制作者である常葉大学造形学部磯﨑ゼミの6名は、作品のコンセプトを以下のように説明している。
”私たちの社会は、電力による巨大な基盤の上で回路のように循環していると言っても過言ではない。目視できる物理的な配線から、インターネット、さらには私たち一人ひとりのつながりを光線と見出すこともできる。
それぞれが、余すことなく複雑に交差し張り巡らされた巨大な電気回路の一端を担い、光線どうしがむすばれ、綾を創り出す。そして、この巨大で複雑な電気回路の上で私たちは日々新たな未来へ扉をたたき、きりひらいていく。

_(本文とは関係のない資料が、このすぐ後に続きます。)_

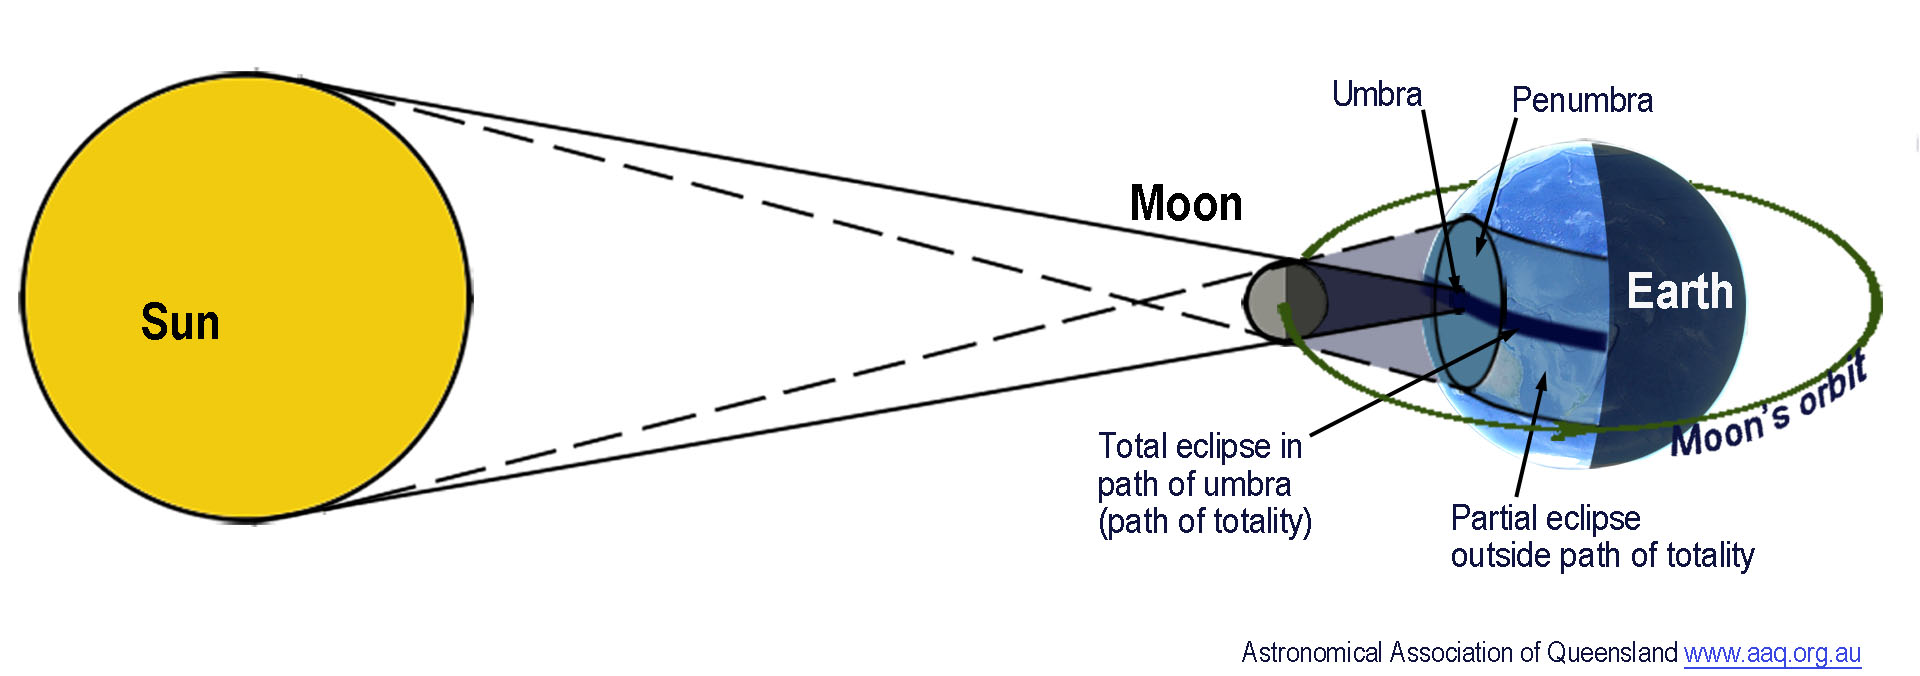 A diagram shows the Moon between the Sun and Earth with the Moon casting a shadow on Earth. The umbra, which is the central dark part of the Moon’s shadow is shown as a dark cone reaching Earth and indicating where the total solar eclipse occurs. A dark path is shown around Earth labelled as the path of totality where the total eclipse moves around Earth as the Moon orbits Earth. The Moon’s penumbra which is the Moon’s lighter outer shadow is shown on Earth surrounding the umbra and this is displayed moving around Earth indicating where a partial solar eclipse occurs on either side of the path of totality.

これらの一連の構図はまるで手のひらの中で繰り広げられる「あやとり」のよう。あやとりは手と手をむすび、開くとそこには美しく、ユニークな世界がいっぱい広がっていく。
本作品は、鉄塔とあやとりを組み合わせることで、電力が創り出す社会の巨大な電気回路、つながりと、電力が持っている大きな可能性を表現した。日常のありふれた扉の先には、目には見えないユニークな世界が無限に広がり、私たちの未来を彩っていく。電力によりきりひらかれた、複雑に交差し張り巡らされている社会の美しい造形を伝えたい。”
制作過程
実際の制作過程はどうだったのか。
磯﨑えり奈准教授に聞くと、去年6月、学生と一緒に浜岡原子力発電所の視察をした際、「解体された金属板がとても大きく分厚くて、いつも見るようなものとはスケールが違う」と驚いたそう。
「コンセプトや表現方法を皆で考えるグループワークとして、ひとつのアート作品を作っていくのは時間がかかるし技術面でも非常に高度なので、学生にとって良い勉強になる。やりがいはありつつも、彼らにとって初めての経験なので苦労するだろうなと正直思いました」。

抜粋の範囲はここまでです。